In the previous two chapters we have looked at situations in which we've tried to test for differences between groups when there has been a single independent variable (i.e., one variable has been manipulated). However, at the beginning of Chapter 11 I said that one of the advantages of ANOVA was that we could look at the effects of more than one independent variable (and how these variables interact). This chapter extends what we already know about ANOVA to look at situations where there are two independent variables. We've already seen in the previous chapter that it's very easy to incorporate a second variable into the ANOVA framework when that variable is a continuous variable (i.e., not split into groups), but now we'll move onto to situations where there is a second independent variable that has been systematically manipulated by assigning people to different conditions.

Factorial designs

In the previous two chapters we have explored situations in which we have looked at the effects of a single independent variable on some outcome. However, independent variables often get lonely and want to have friends. Scientists are obliging individuals and often put a second (or third) independent variable into their designs to keep the others company. When an experiment has two or more independent variables it is known as a factorial design (this is because, as we have seen, variables are sometimes referred to as factors). There are several types of factorial design:

Independent factorial design: In this type of experiment there are several independent variables or predictors and each has been measured using different entities (between groups). We discuss this design in this chapter.

Repeated-measures (related) factorial design: This is an experiment in which several independent variables or predictors have been measured, but the same entities have been used in all conditions. This design is discussed in Chapter 14.

Mixed design: This is a design in which several independent variables or predictors have been measured; some have been measured with different entities whereas others used the same entities. This design is discussed in Chapter 15.

As you might imagine, analysing these types of experiments can get quite complicated.
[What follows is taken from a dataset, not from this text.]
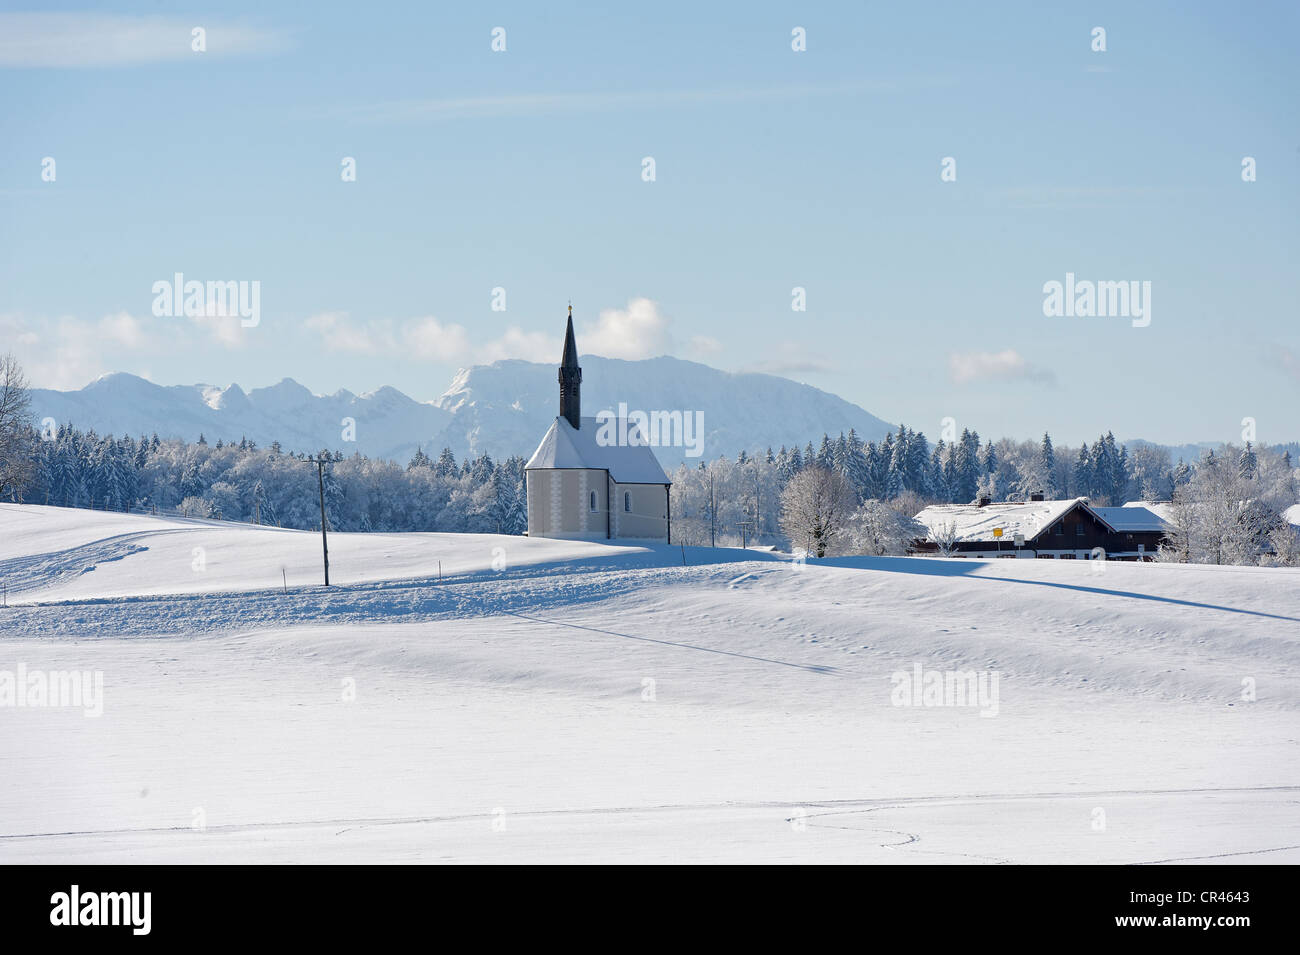 St. Sebastian daughter church, Kleinhartpenning, Mount Benediktenwand at back, Holzkirchen, Upper Bavaria, Bavaria - Stock Image

Fortunately, we can extend the ANOVA model that we encountered in the previous two chapters to deal with these more complicated situations. When we use ANOVA to analyse a situation in which there are two or more independent variables it is sometimes called factorial ANOVA; however, the specific names attached to different ANOVAs reflect the experimental design that they are being used to analyse (see Jane Superbrain Box 13.1). This section extends the one-way ANOVA model to the factorial case (specifically when there are two independent variables). In subsequent chapters we will look at repeated-measures designs, factorial repeated-measures designs and finally mixed designs.